───── Material provided ─────
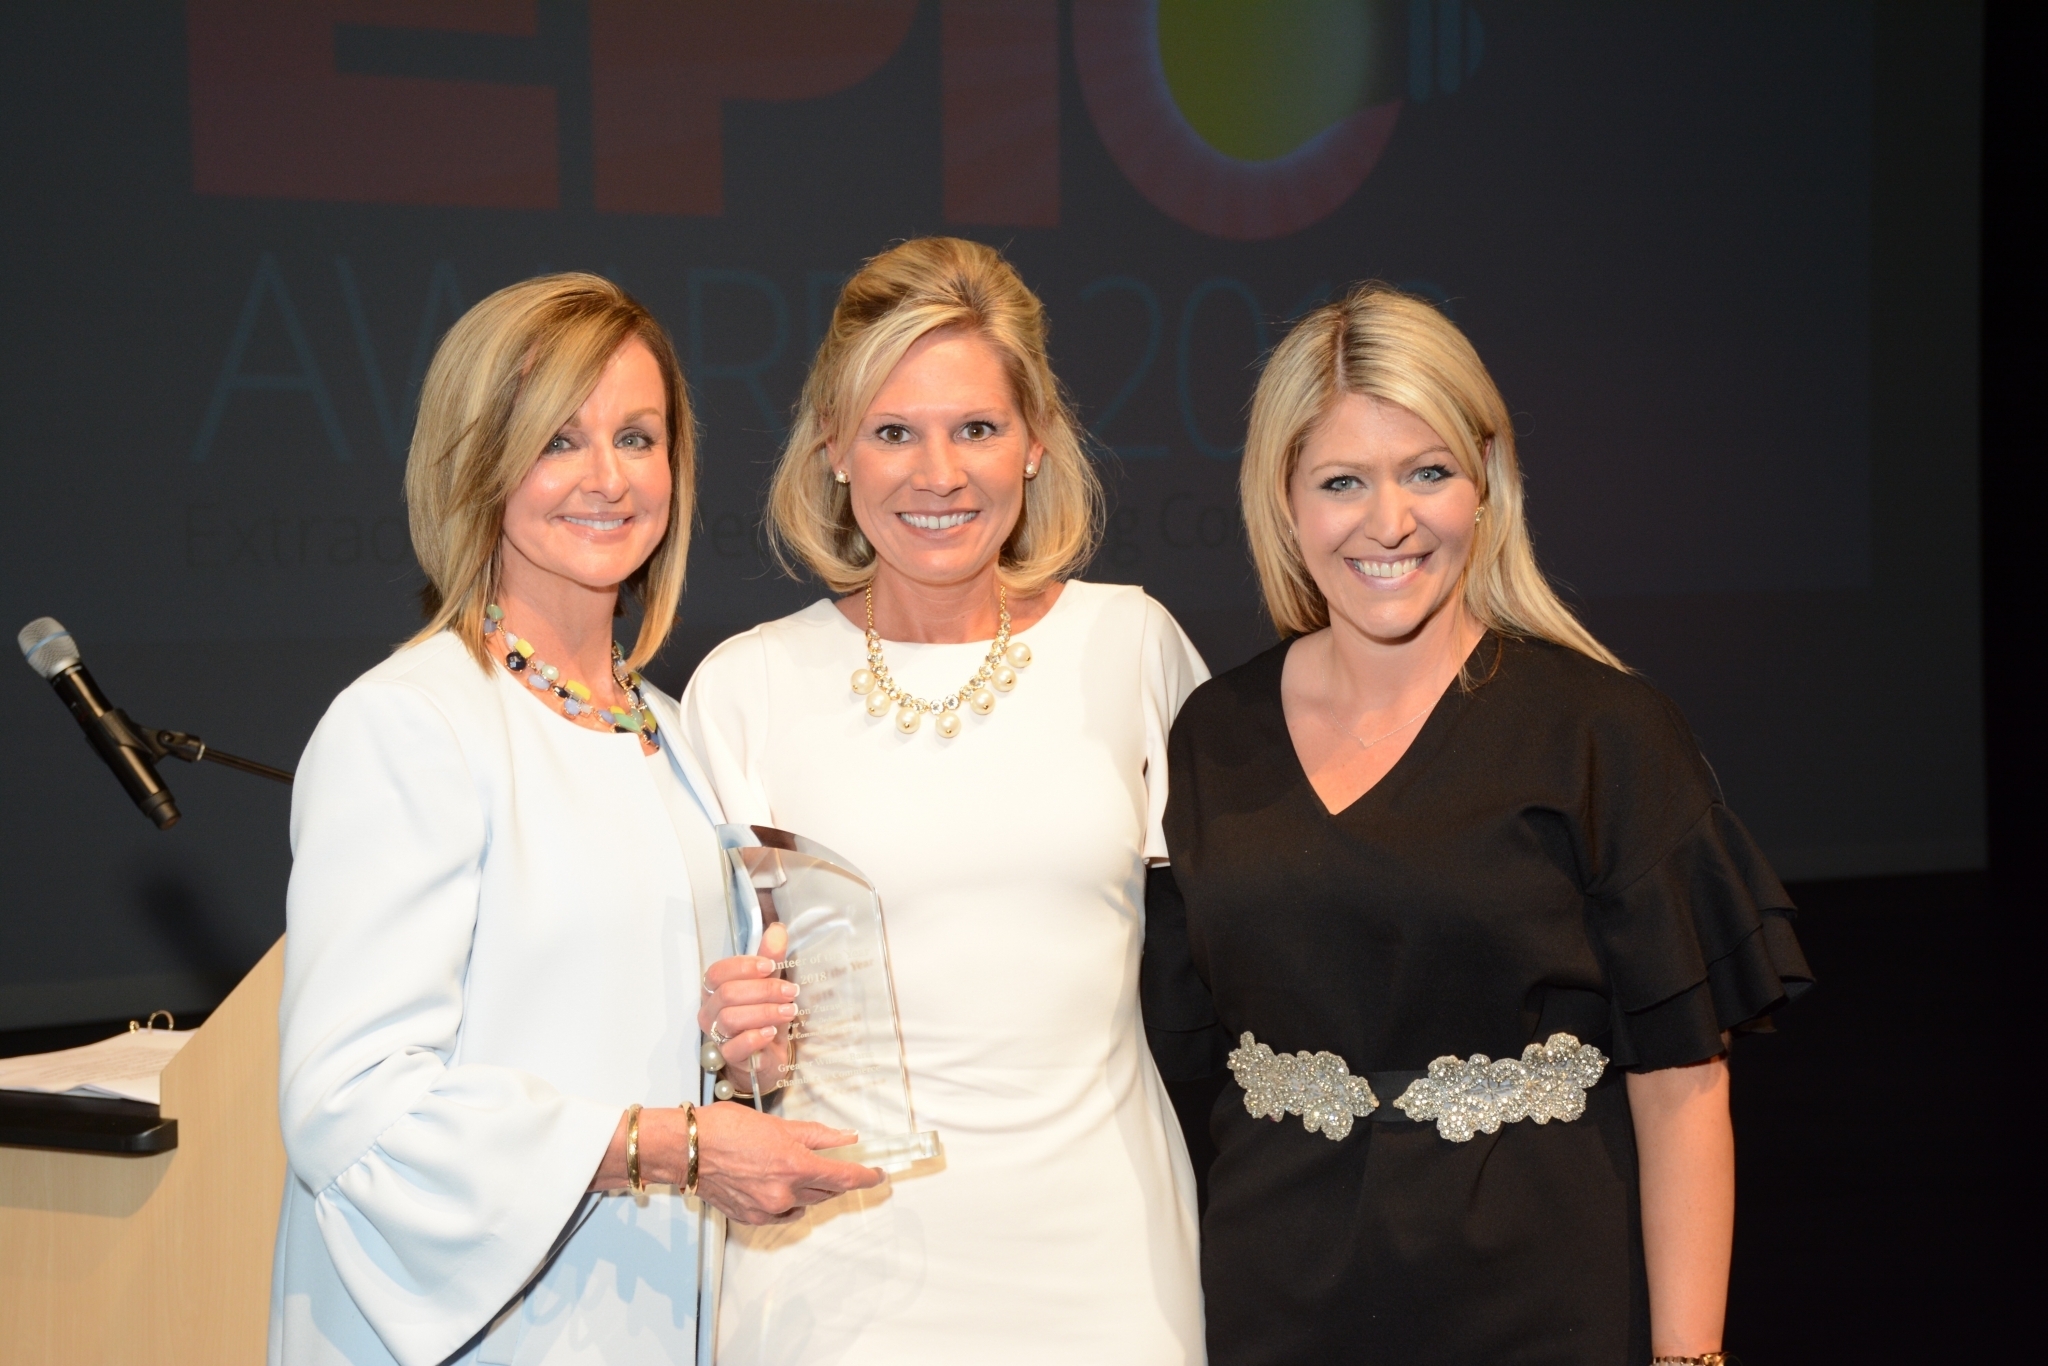 Three Women Smile While Holding an Award
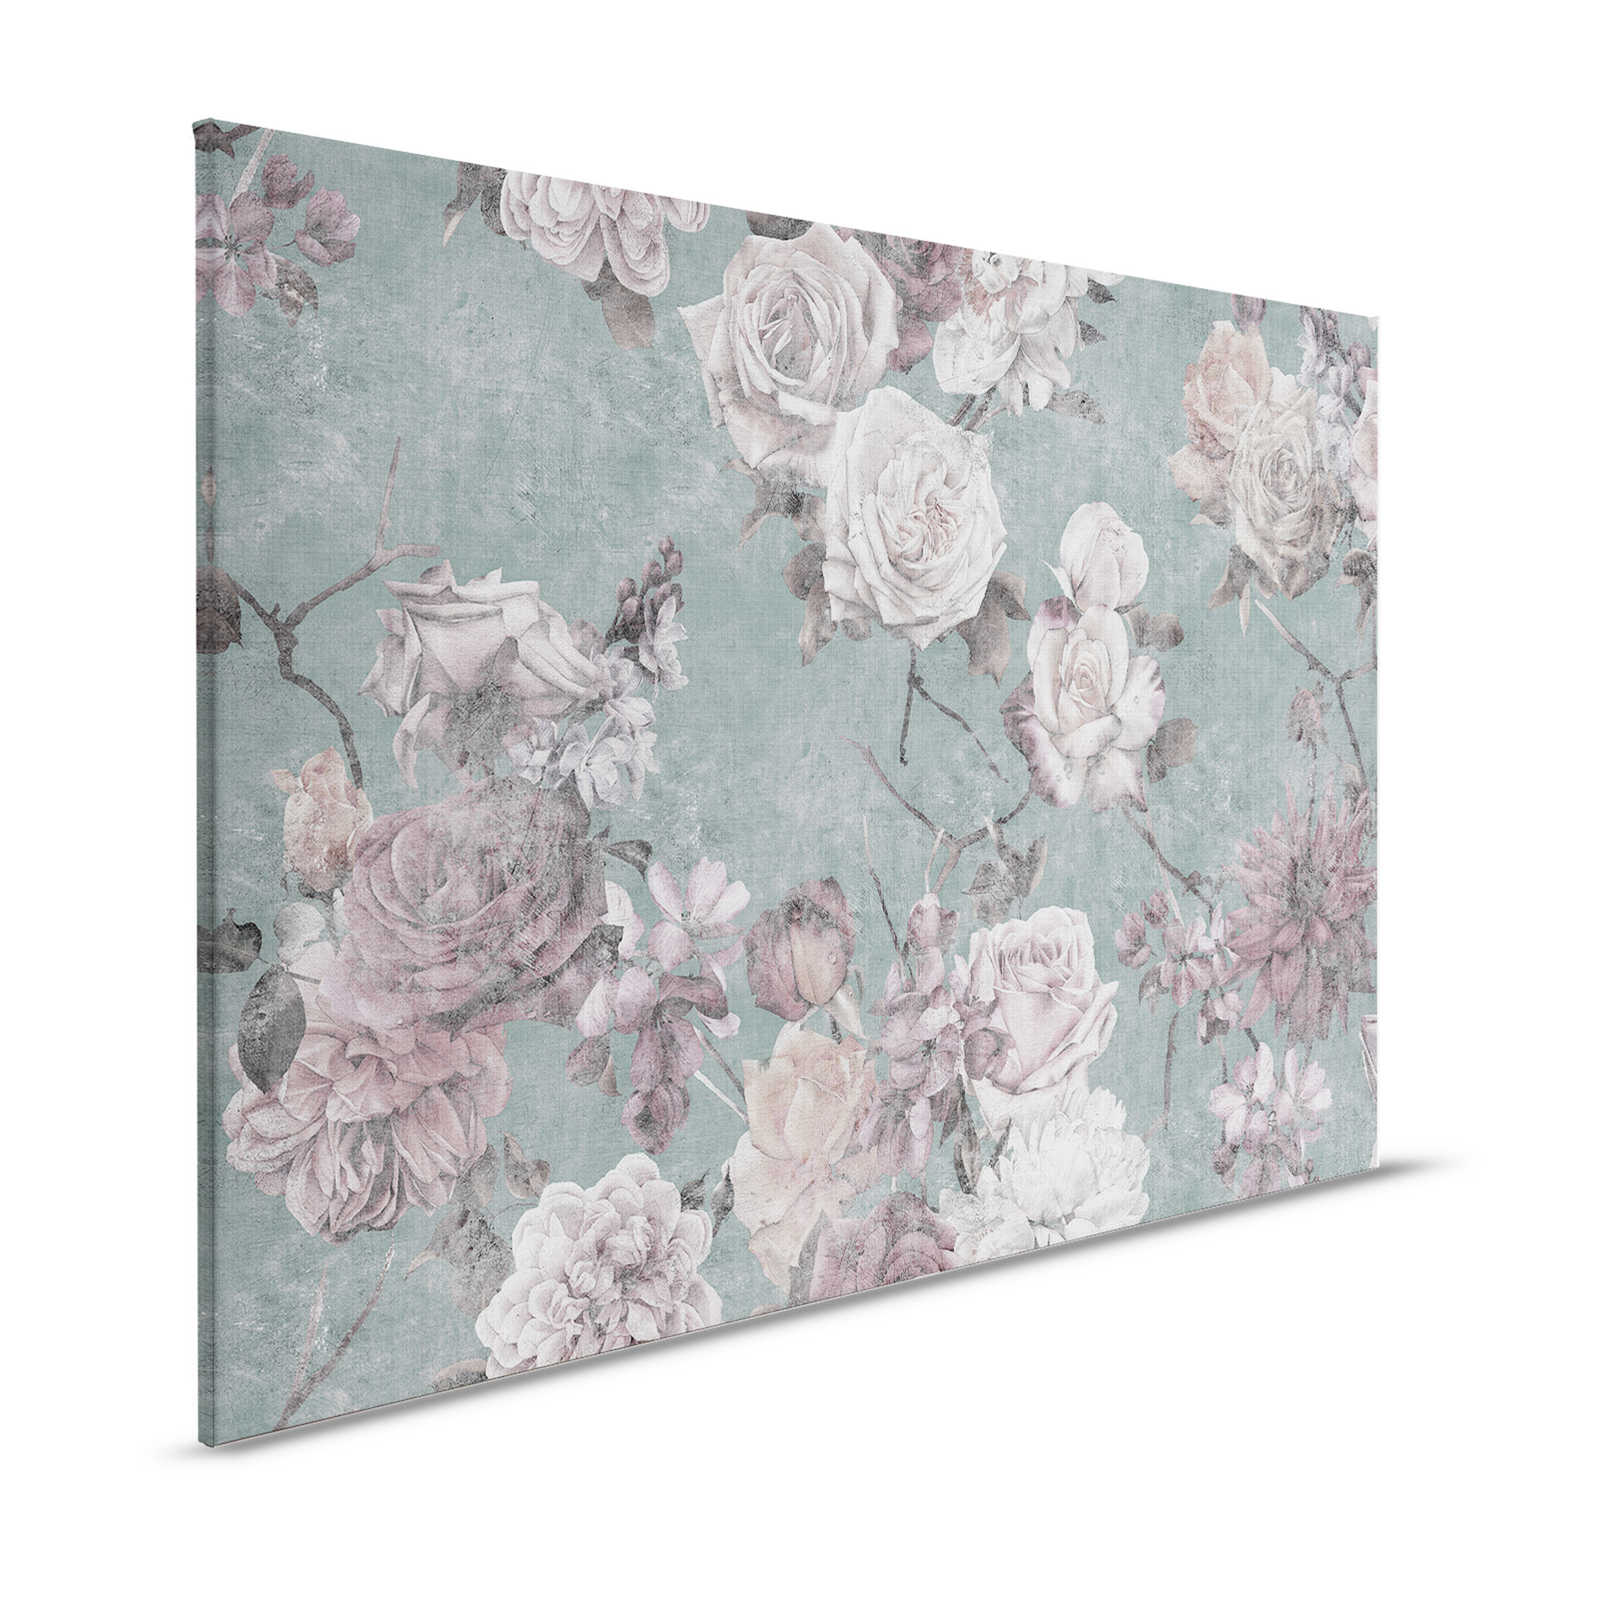 La Bella Addormentata 2 - Quadro su tela con petali di rosa in stile vintage - 1,20 m x 0,80 m
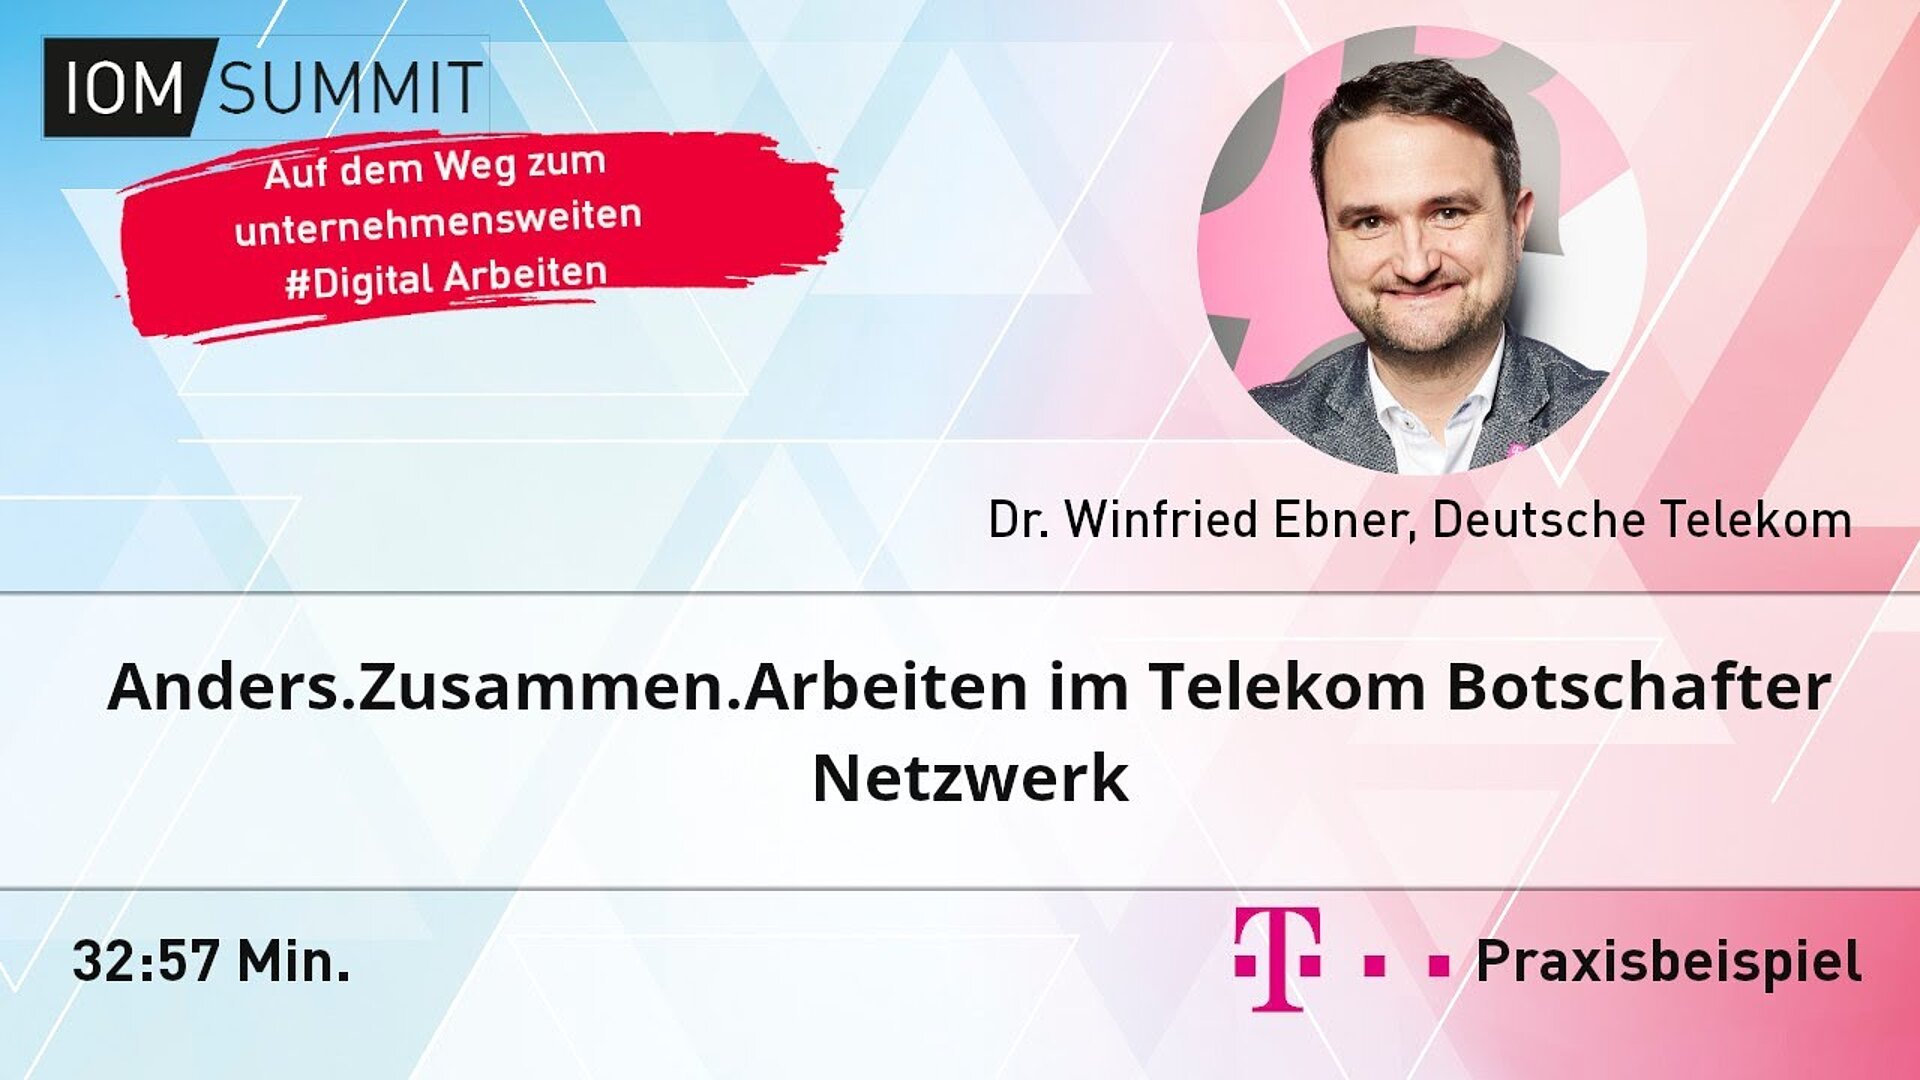 Praxisbeispiel: Anders.Zusammen.Arbeiten im Telekom Botschafter Netzwerk
─────
* [Aim of the exercise] Using the material above, restate word for word the lines from the line that has "La Bella Addormentata" to the last line, inclusive, with pictures omitted.

* [Written reply]
 La Bella Addormentata 2 - Quadro su tela con petali di rosa in stile vintage - 1,20 m x 0,80 m
 Praxisbeispiel: Anders.Zusammen.Arbeiten im Telekom Botschafter Netzwerk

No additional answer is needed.